Bona Verba from the Headmaster

Perhaps you’ve noticed: instant messaging and social media have not been kind to grammar. Adolescents—and even many adults, yes?—mangle language with carefree abandon, reducing expression to a series of half-formed thoughts, emojis, and abbreviations. The result? A world where clarity dissolves, and the precision of thought erodes.

Yet what if, instead of surrendering to linguistic decay, we launched a counter-offensive? What if, in defiance of casual sloppiness, we reclaimed the structure, beauty, and order of traditional grammar? In fact: this is our goal for all CLASSICAL students: to write well, to think clearly, to reclaim an intellectual independence lost in the static of today’s textual shorthand.

Grammar is not an arbitrary set of rules but the very framework of reasoned thought. The ancients understood this: the Greeks treated grammar as a foundation of philosophy, the Romans insisted on linguistic precision, and medieval scholars saw mastery of language as essential to shaping reality itself. To name a thing properly was to know it; to construct a sentence well was to think clearly.

Today, however, grammatical rigor is often dismissed as outdated or unnecessary. At Cincy Classical, however, we understand that the consequences of abandoning it are serious. When language loses its structure, so too does our ability to reason, persuade, and understand. (Read or re-read Nineteen-Eighty- Four, for example.) Sloppy grammar leads to sloppy thought. But there is a remedy.

A CLASSICAL education revives the noble discipline of language study, beginning with sentence diagramming.

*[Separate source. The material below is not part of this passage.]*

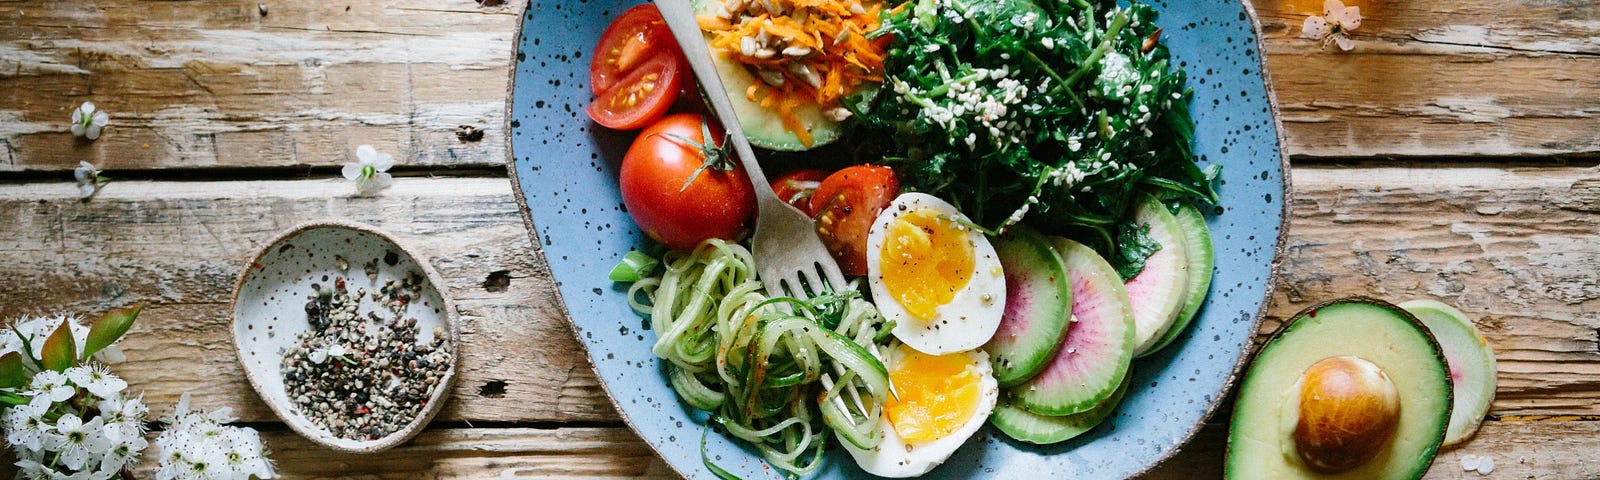 Photo of a Mediterranean style meal of greens, green whole grain pasta, sliced boiled eggs,  avocado, carrots and tomatoes on a blue plate. Glass of red wine on the side.
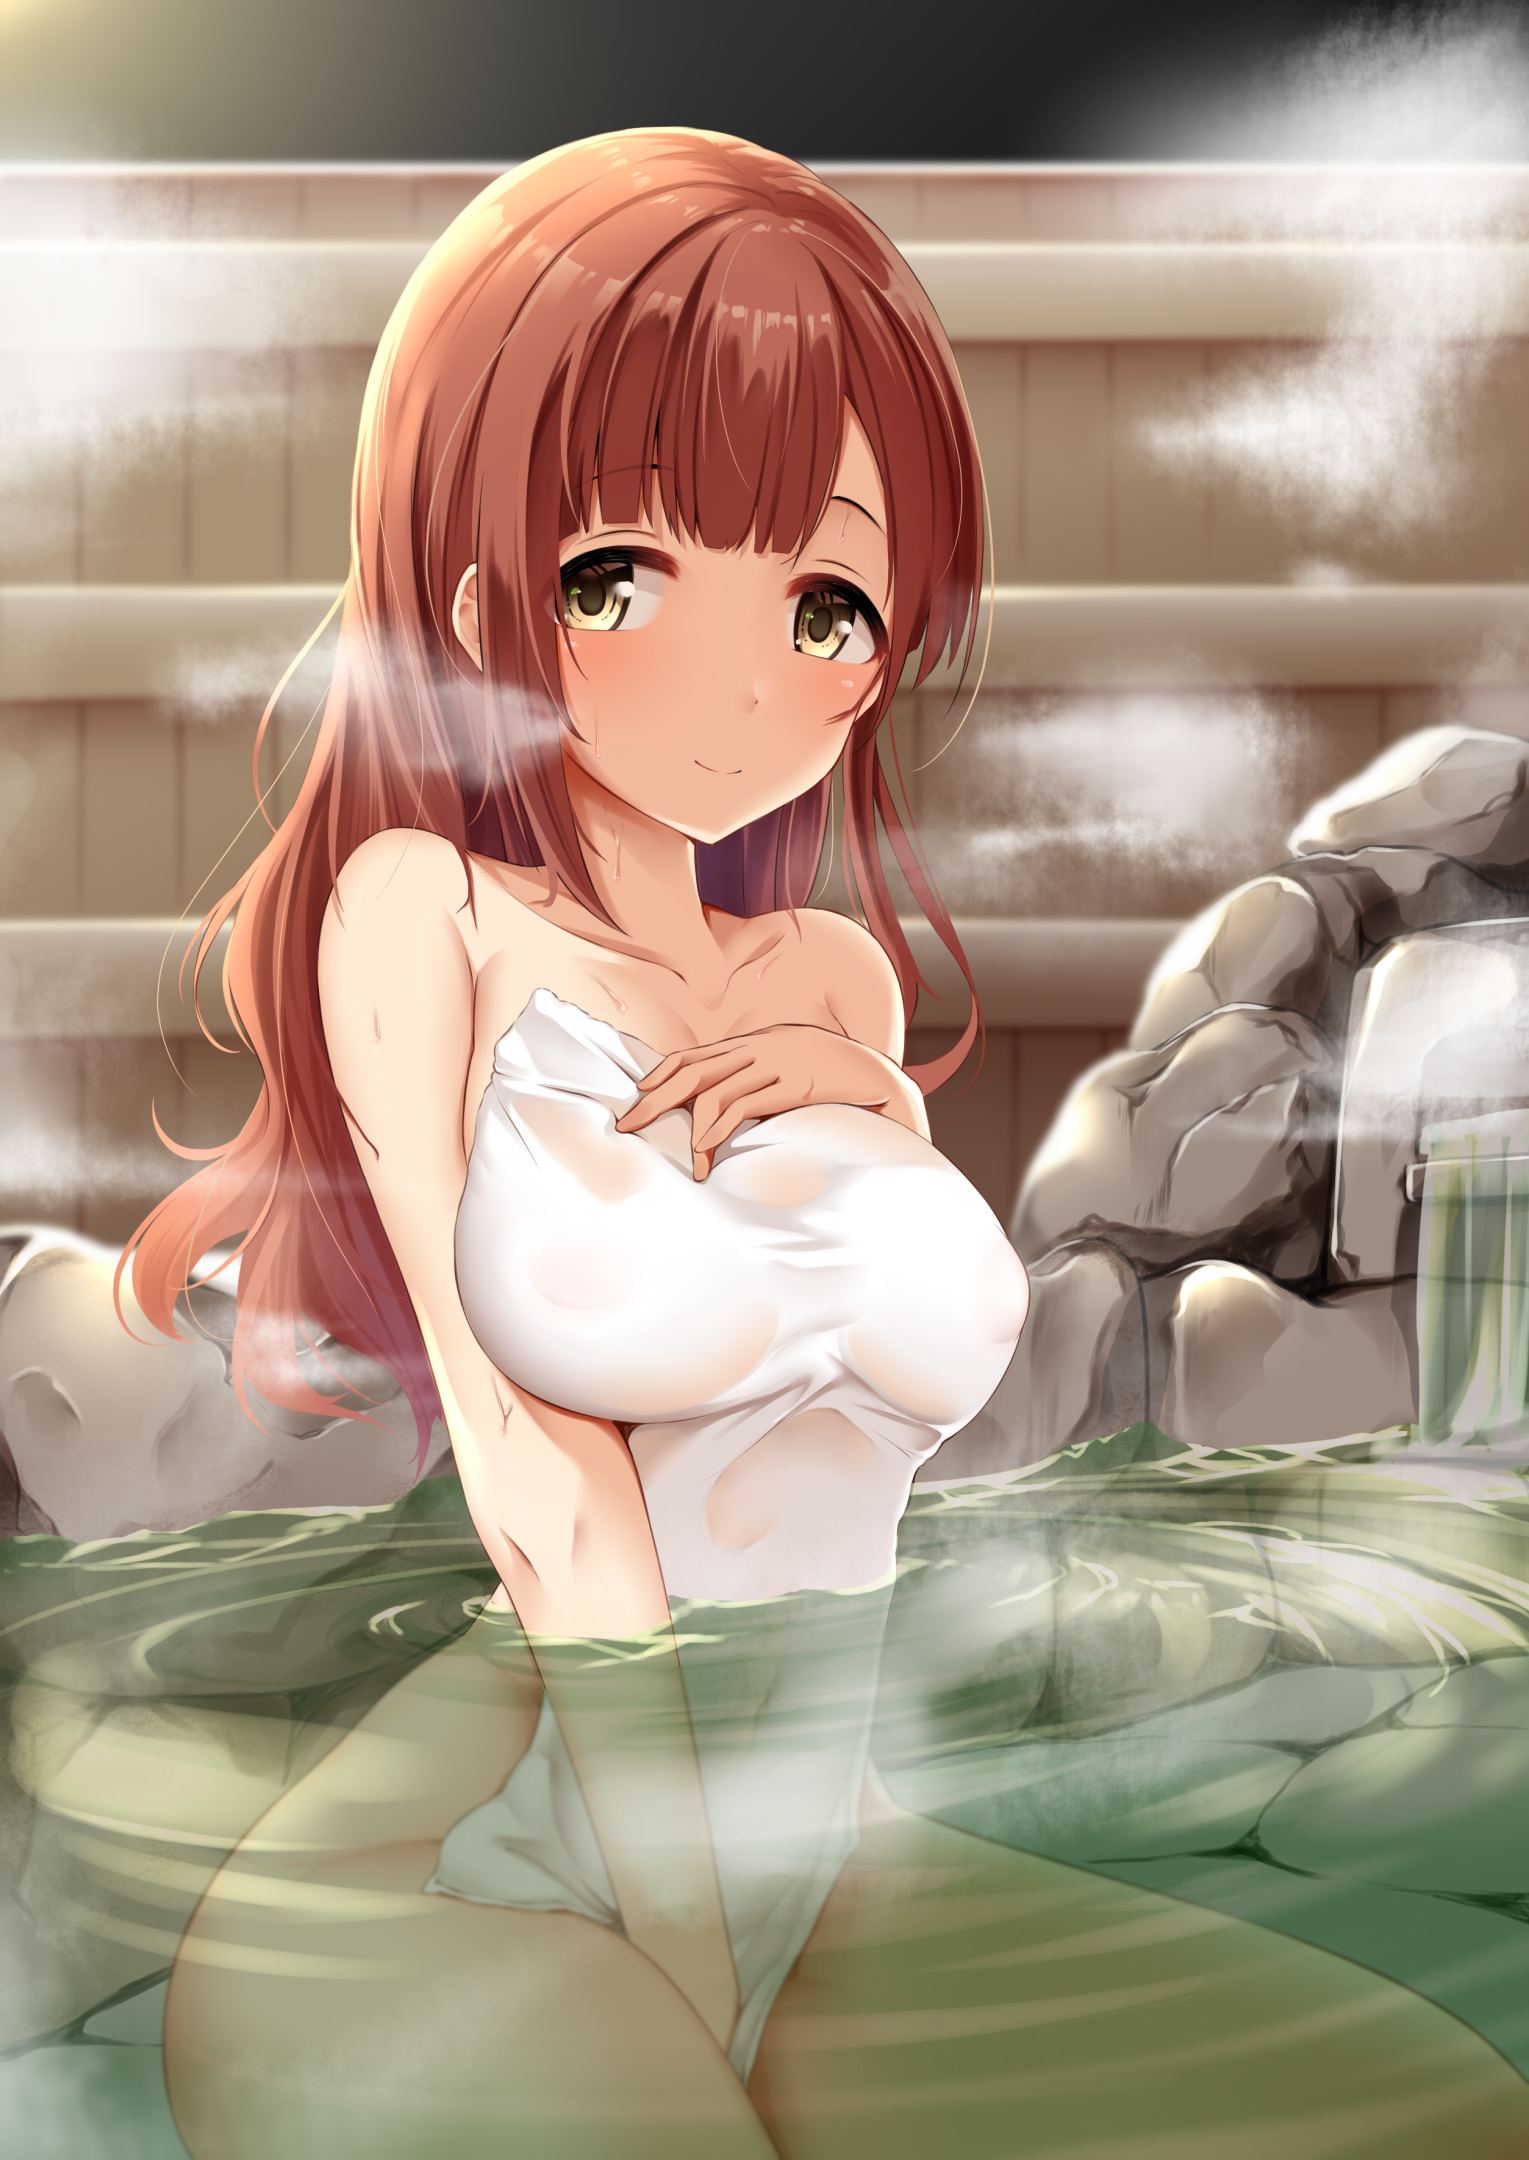 Anime 1529x2160 anime anime girls thighs big boobs THE iDOLM@STER: Cinderella Girls Igarashi Kyouko vertical hand between legs towel nude strategic covering hot spring brunette smiling THE iDOLM@STER Yigra Don bathing sitting

Here, students see language’s inner workings—the skeleton of thought laid bare. Parsing sentences, identifying clauses, and mastering parts of speech are not busywork; they are acts of intellectual training. Just as a musician learns scales or an athlete drills fundamentals, a student who masters grammar gains fluency in the art of clear thinking.

Memorization of rules and examples follows, not as mindless rote learning, but as the steady forging of mastery. A student who can distinguish between subjunctive and indicative moods, who understands the elegance of a well-placed semicolon, navigates the world of ideas with confidence and precision.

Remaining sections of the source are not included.